Алекс с силой бьет меня кулаком по плечу, однако на этом весь запал иссякает, и она обмякает на диване, неловко уткнувшись лбом мне в грудь. Правильно, куколка, тебе нужно было выговориться и дать волю всей той дряни, что засела внутри после убийства. Избавиться от кого-то, пусть даже от натуральных отбросов, совсем не то же самое, что обчистить мелкий офис.
Удивительно, но бумаги меня сегодня практически не волнуют – достаточно и того, что они все-таки у нас. А стоит потребовать от Алекс показать их здесь и сейчас, как тонкие стены, что еще сдерживают ее горе, наконец прохудятся, и весь Коконат-Гроув пропросту утонет.
Или сгорит, если не повезет.
– У тебя тоже так было? – Она проводит пальцами по едва выступающей из-под рукава метке. – Или ты родился таким холодным уродом и контролировал себя с детства?
Тебе, куколка, лучше не знать ничего о моем детстве. А мне лучше не вспоминать, потому что иначе район точно не выдержит – не понадобится никакая война группировок, не потребуется подлянка от Моралеса и его верных псов. Нет, я в состоянии сам развалить все, что так долго строил. К счастью, сейчас я действительно холодный урод и давно спрятал все воспоминания о малышке Эмилии так глубоко, что едва ли найду сам.
А ведь несколько дней назад все-таки нашел.
– Следи за языком, куколка, – произношу я с кривой усмешкой и тянусь за сигаретами.
Алекс останавливает меня коротким движением руки и кривит губы так, будто я собирался достать из кармана по меньшей мере горстку пепла.
– Дымить у себя будешь, босс.
– Серьезно? Снова босс? – Улыбка проступает на губах сама по себе, однако я быстро сгоняю ее с лица. Приподнимаю руки в примирительном жесте и глушу назойливое желание покурить. Во рту уже чувствуется знакомая сухость и горьковатый привкус табака – чертово предвкушение. Жаль все-таки, что джин остался в коридоре. – Ладно, твоя взяла. Холодным уродом я был не всегда, и когда пара ублюдков из тогда еще совсем зеленых Отбросов перешла мне дорогу, я вспылил не на шутку.

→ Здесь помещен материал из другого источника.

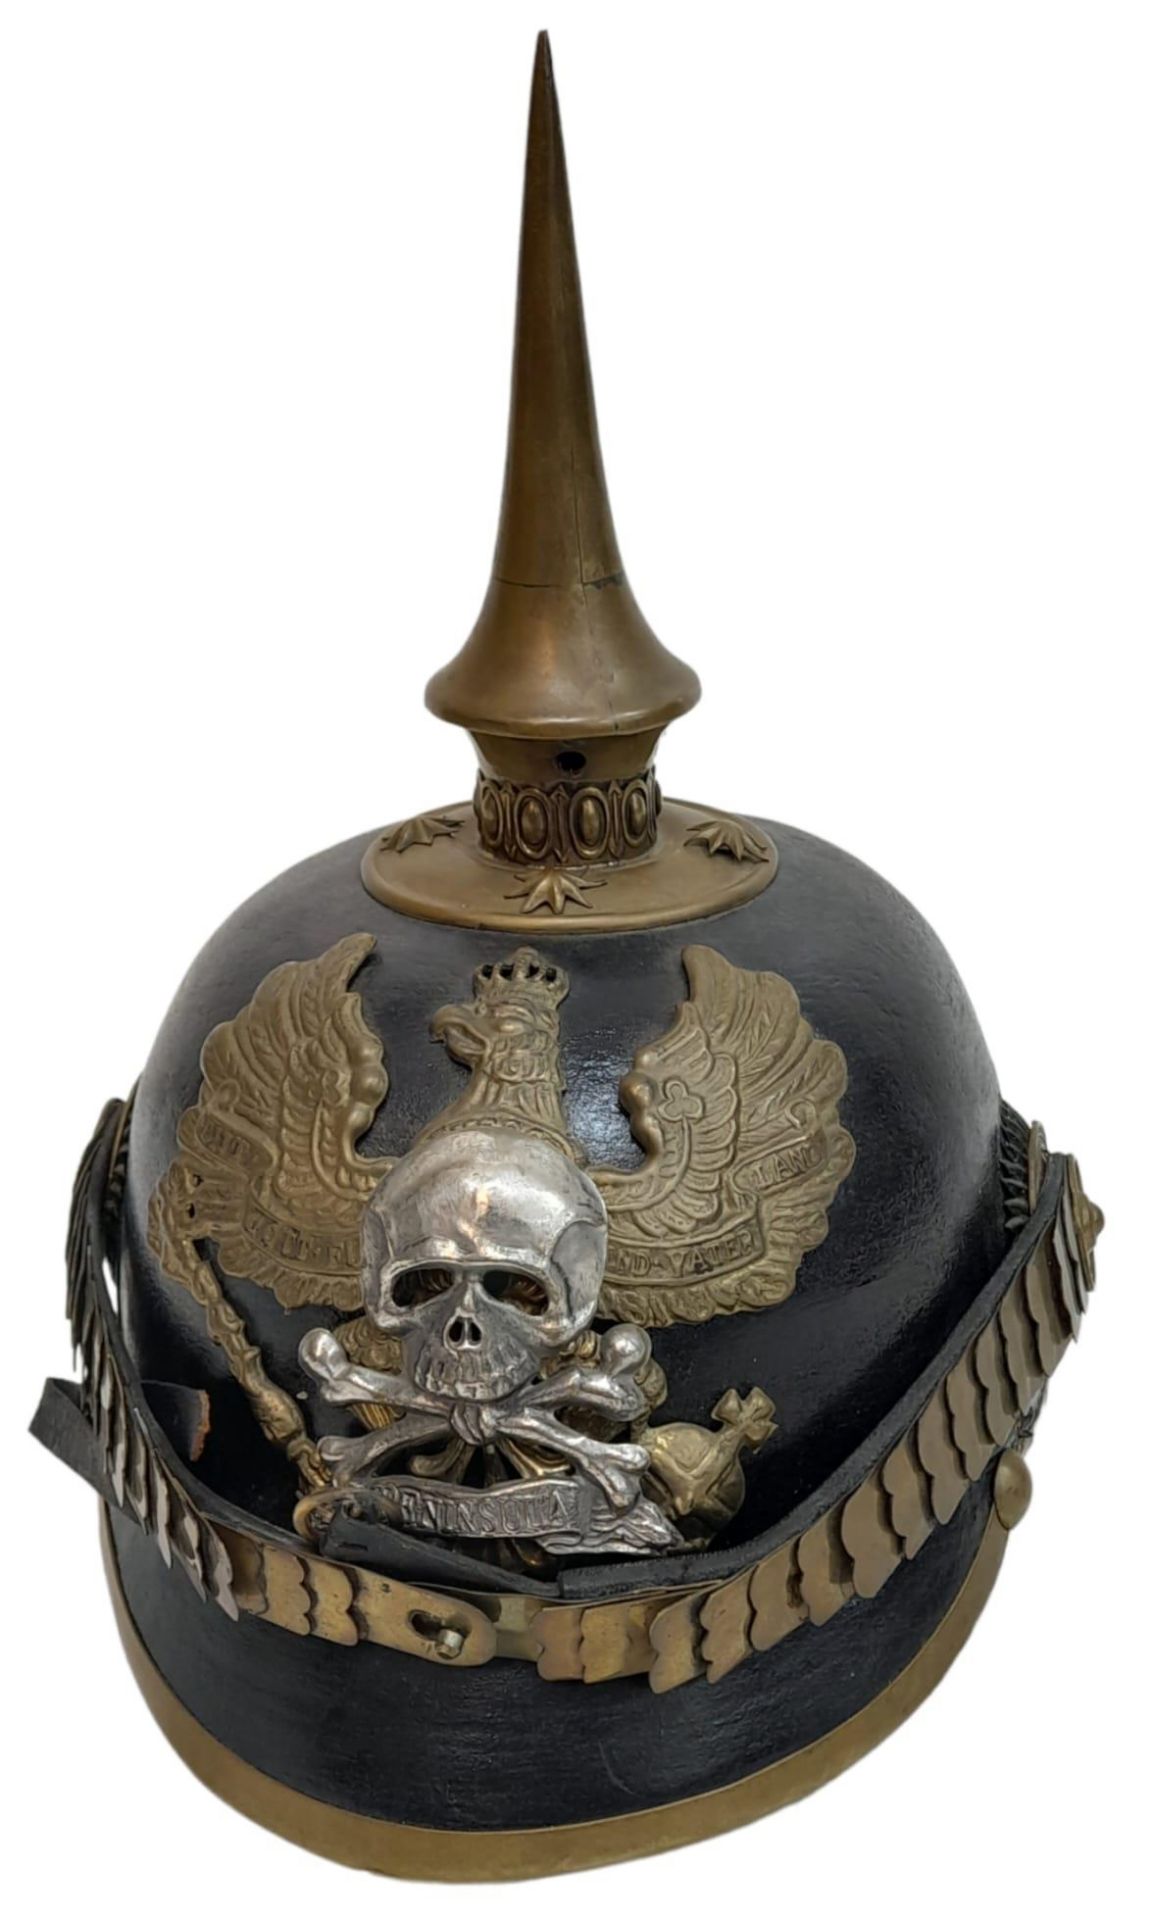 WW1 Imperial German “Brunswick” Pickelhaube. This helmet has been restored using many original parts

Здесь стоит поставить точку. Незачем куколке знать обо всей моей жизни – не хватало еще, чтобы разболтала той девчонке из Овертауна или, того хуже, раскололась на допросе, если попадется. Но на душе отчего-то скребут кошки, а слова срываются с языка одно за другим.
– Весь мир будто потонул в одной яркой вспышке, тело сковало болью, а уже в следующее мгновение вокруг были только вопли и вонь горелой плоти. То еще удовольствие, когда тебе семнадцать. Тебе повезло, что ты к этому моменту нашла хоть какое-то место под солнцем, Алекс, я-то был совсем пацаном. И, поверь, сначала мне совсем не понравилось.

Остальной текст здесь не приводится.